■ Exercise data
******

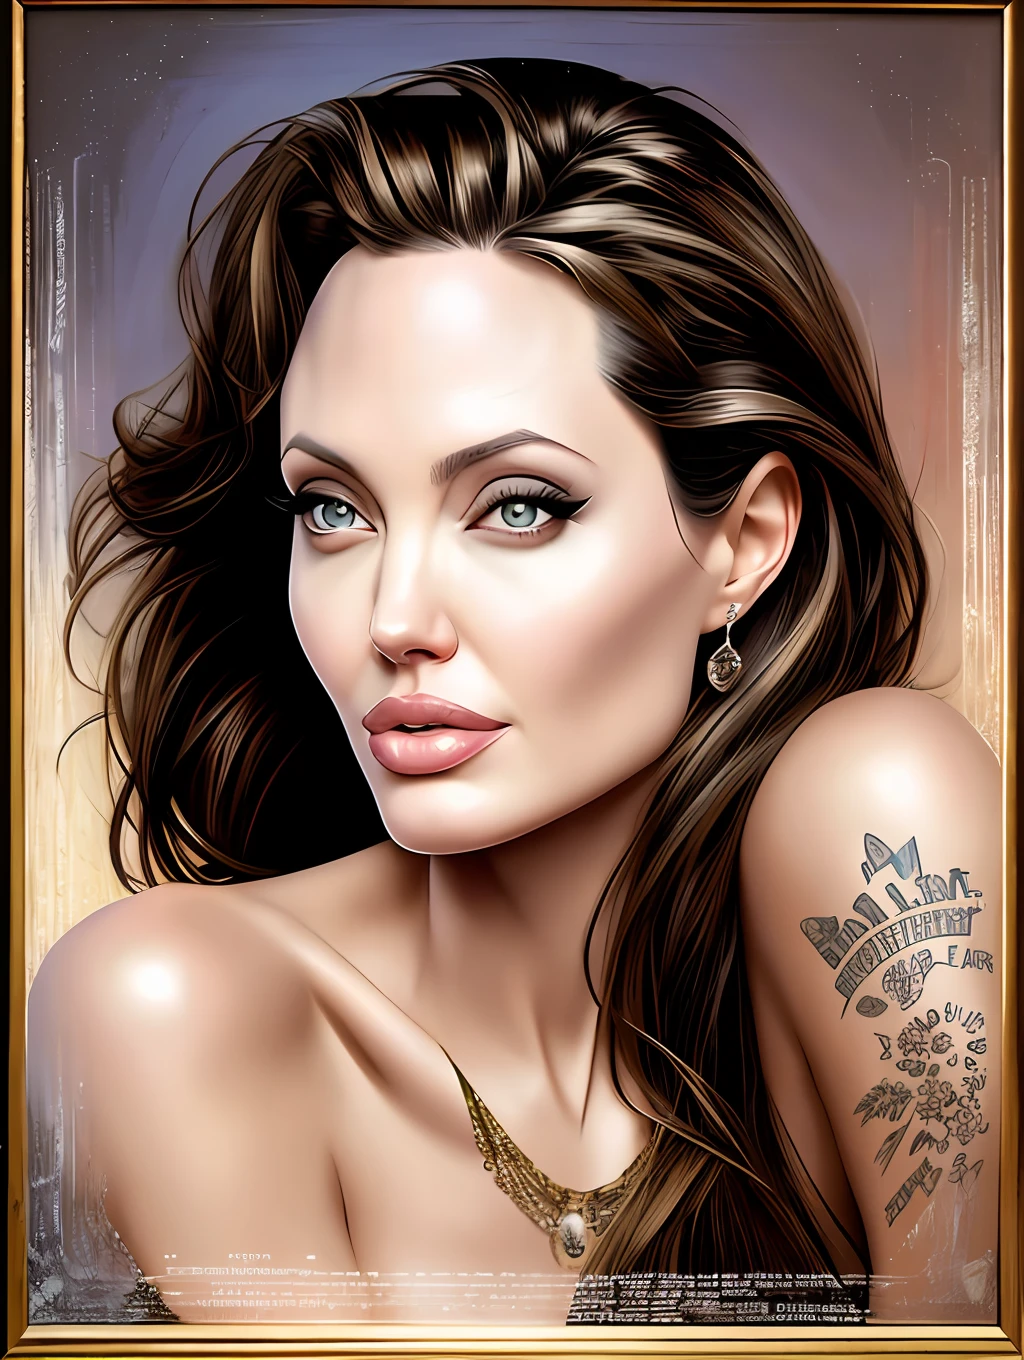 Un retrato increíblemente hermoso de Angelina Jolie por Gil Elvgren
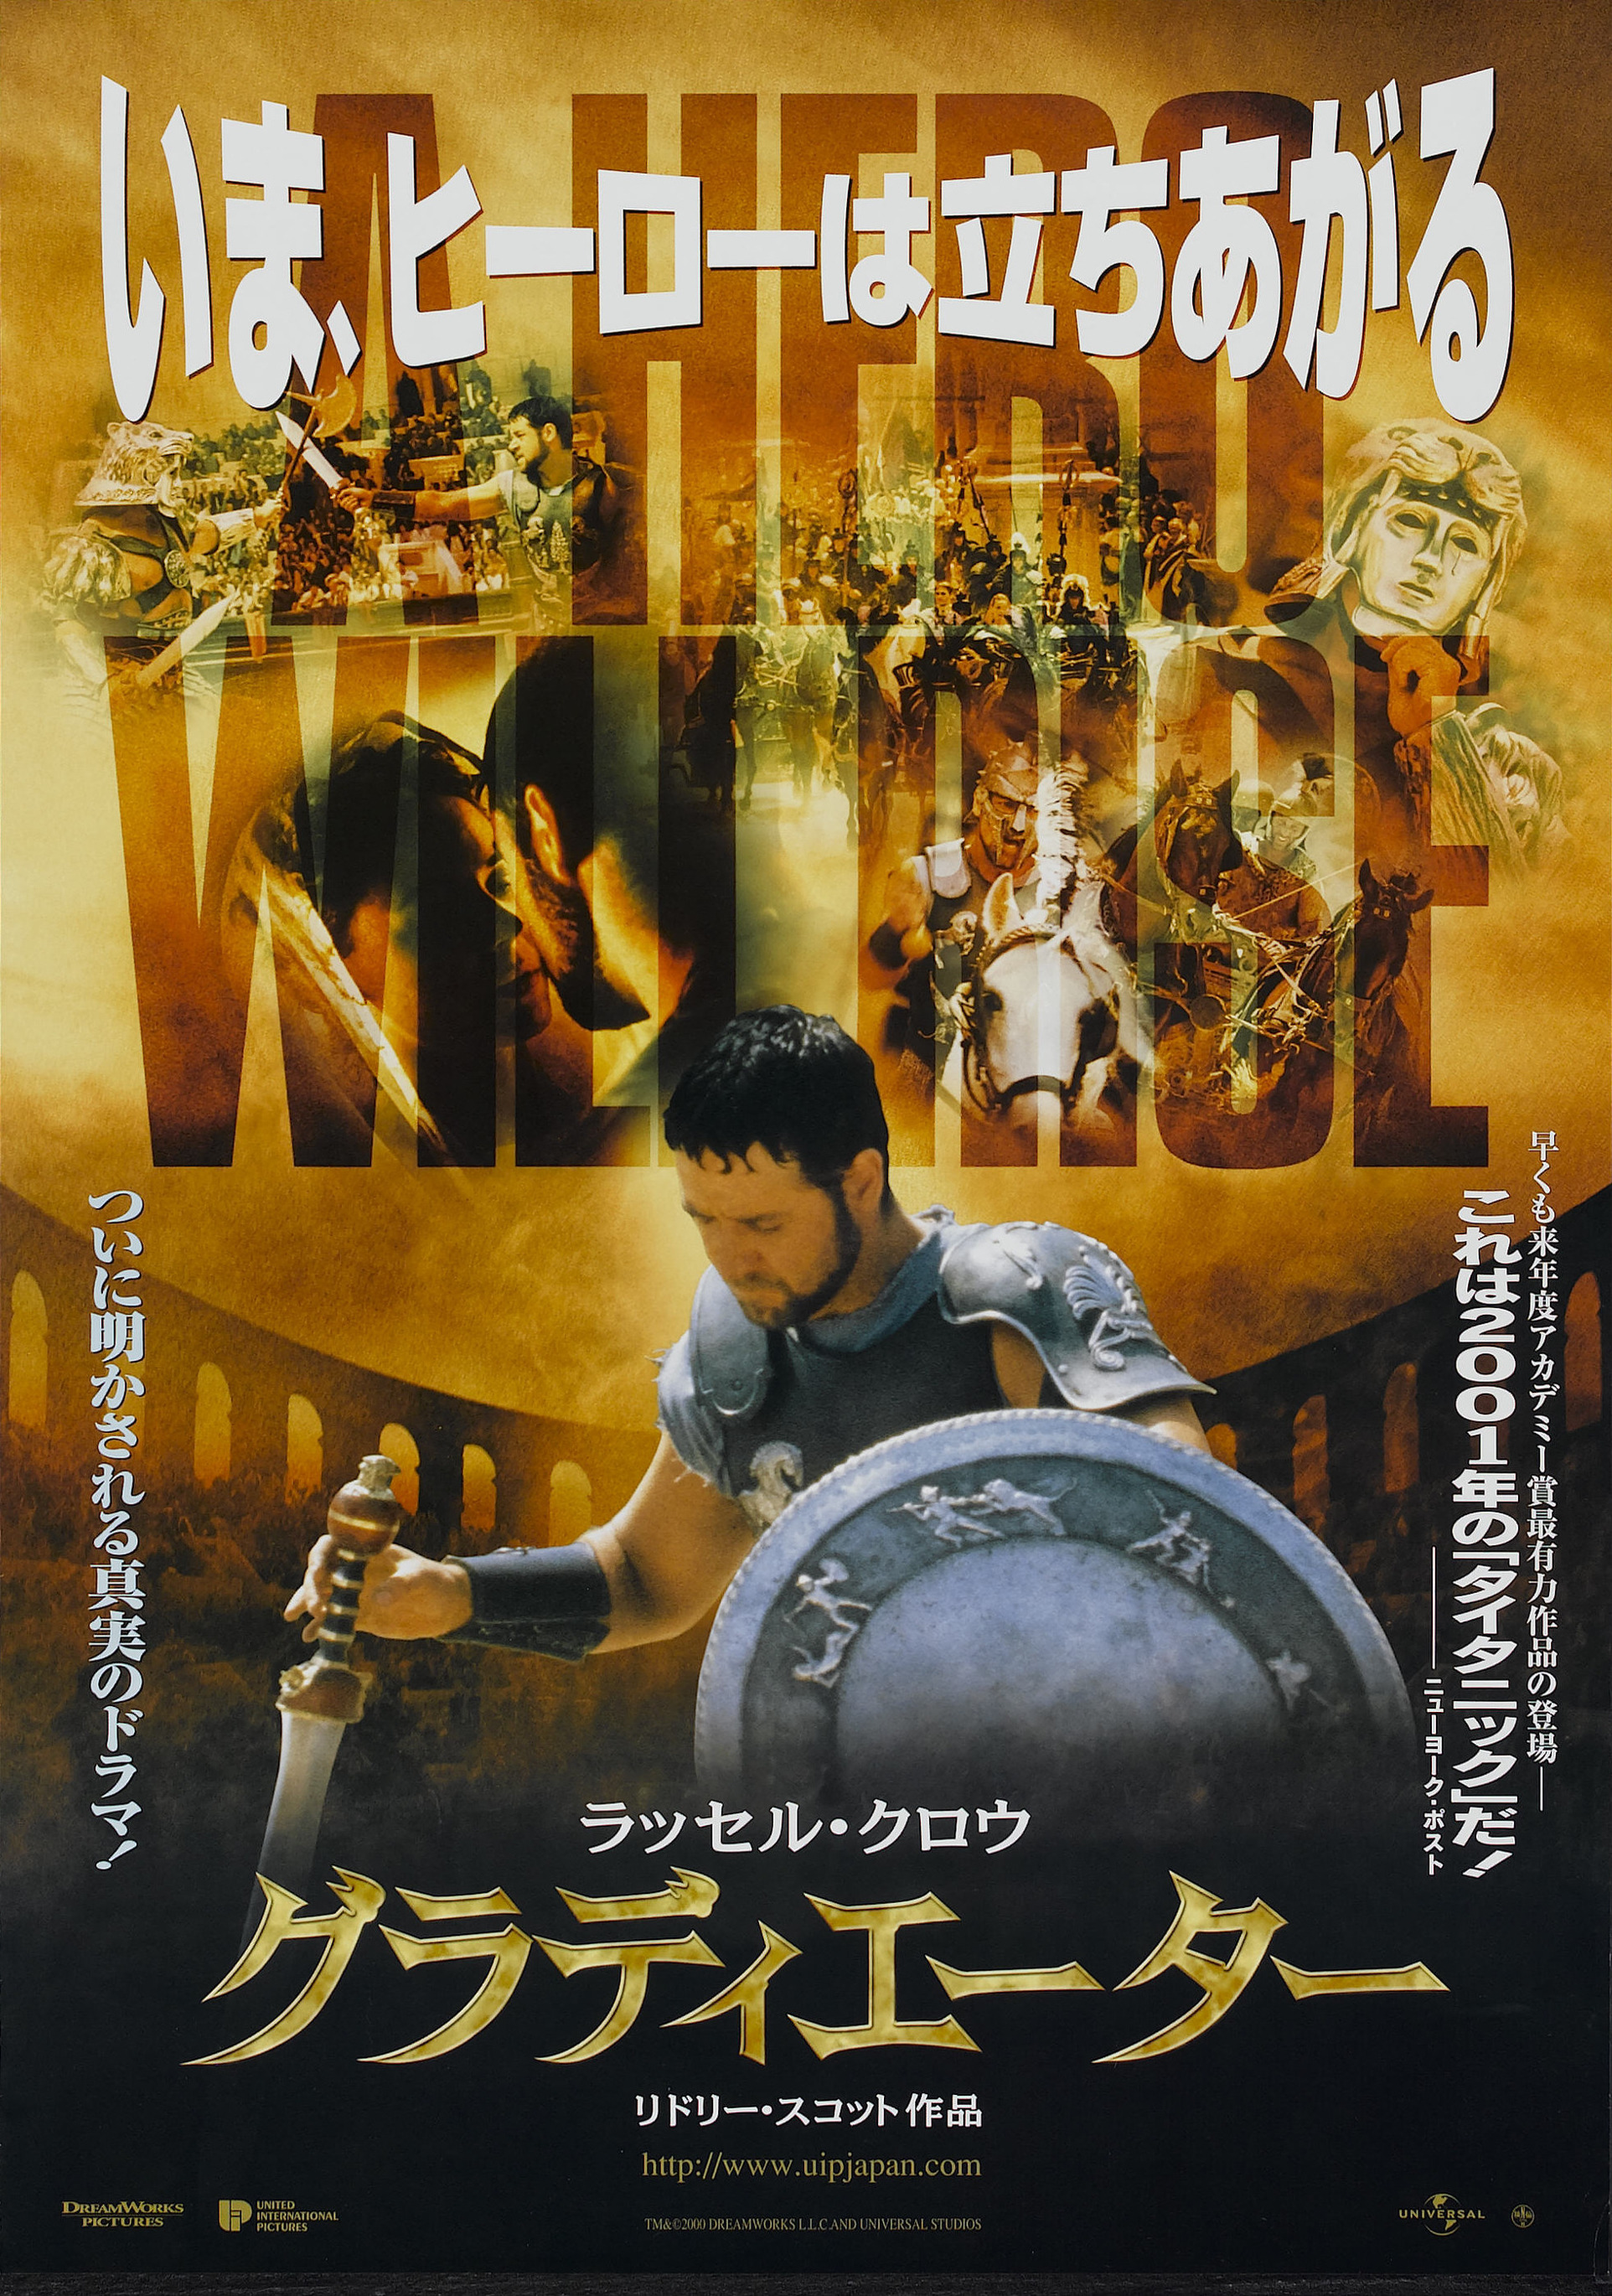 Mega Sized Movie Poster Image for Gladiator (#4 of 4)
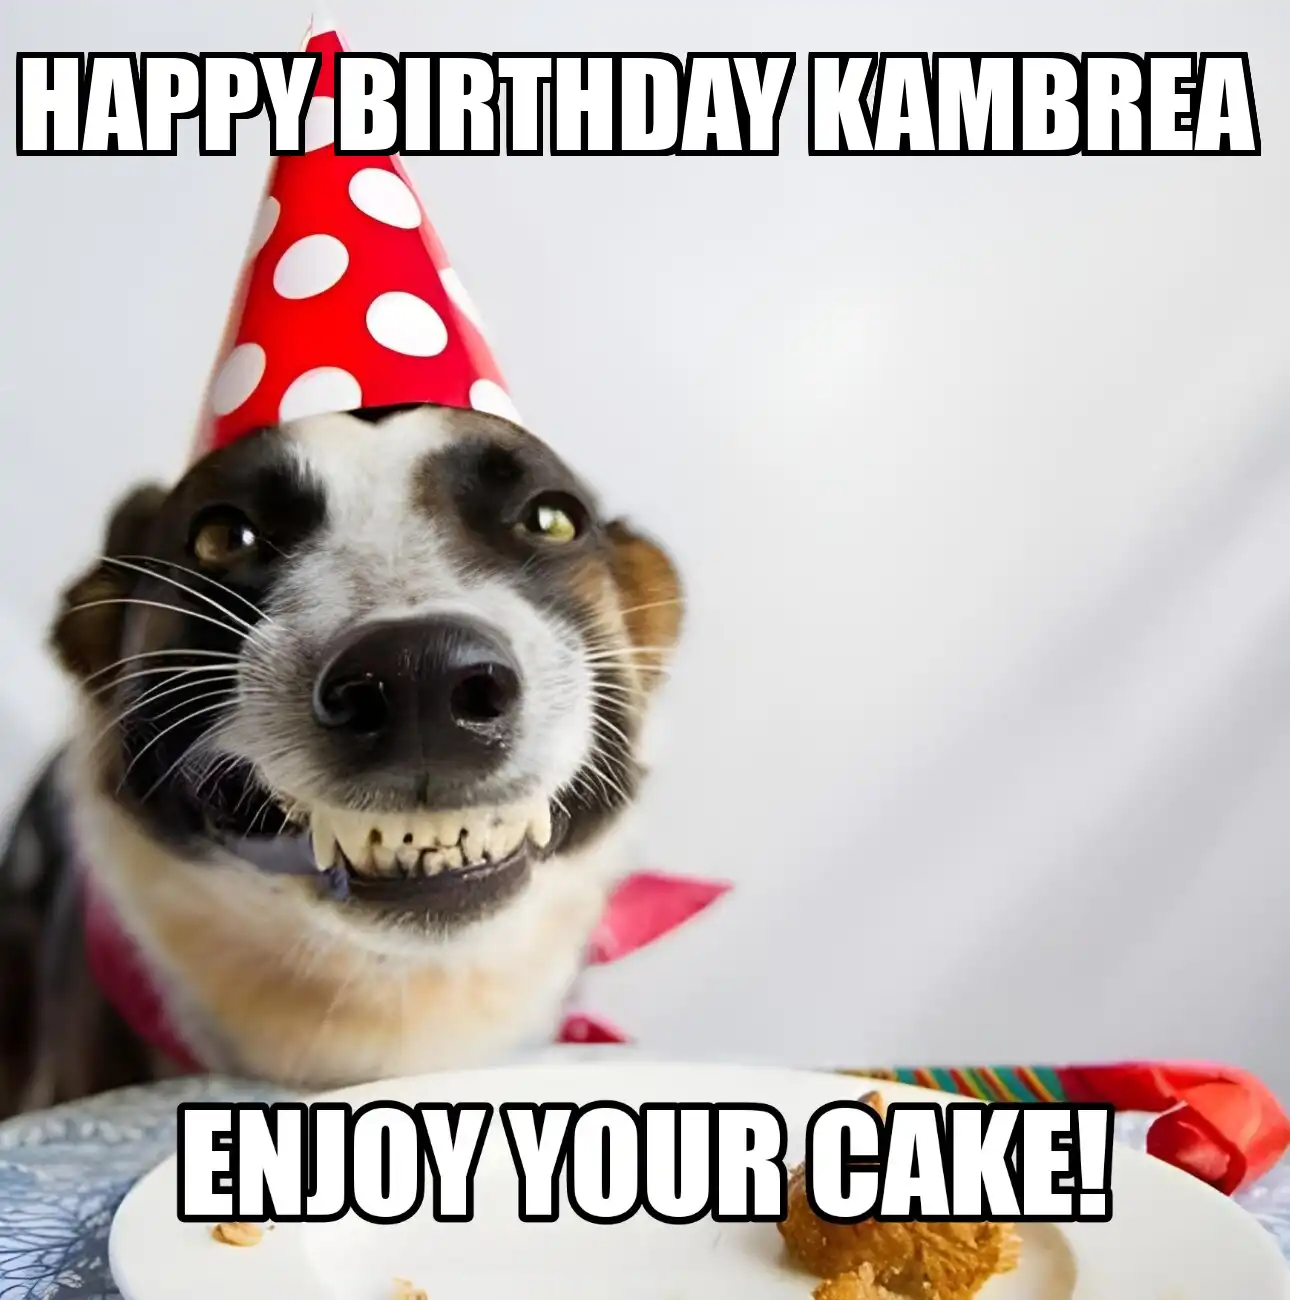 Happy Birthday Kambrea Enjoy Your Cake Dog Meme

******

Output the data exactly as it appears. The pictures do not belong in it.

 Un retrato increíblemente hermoso de Angelina Jolie por Gil Elvgren
 Mega Sized Movie Poster Image for Gladiator (#4 of 4)
 Happy Birthday Kambrea Enjoy Your Cake Dog Meme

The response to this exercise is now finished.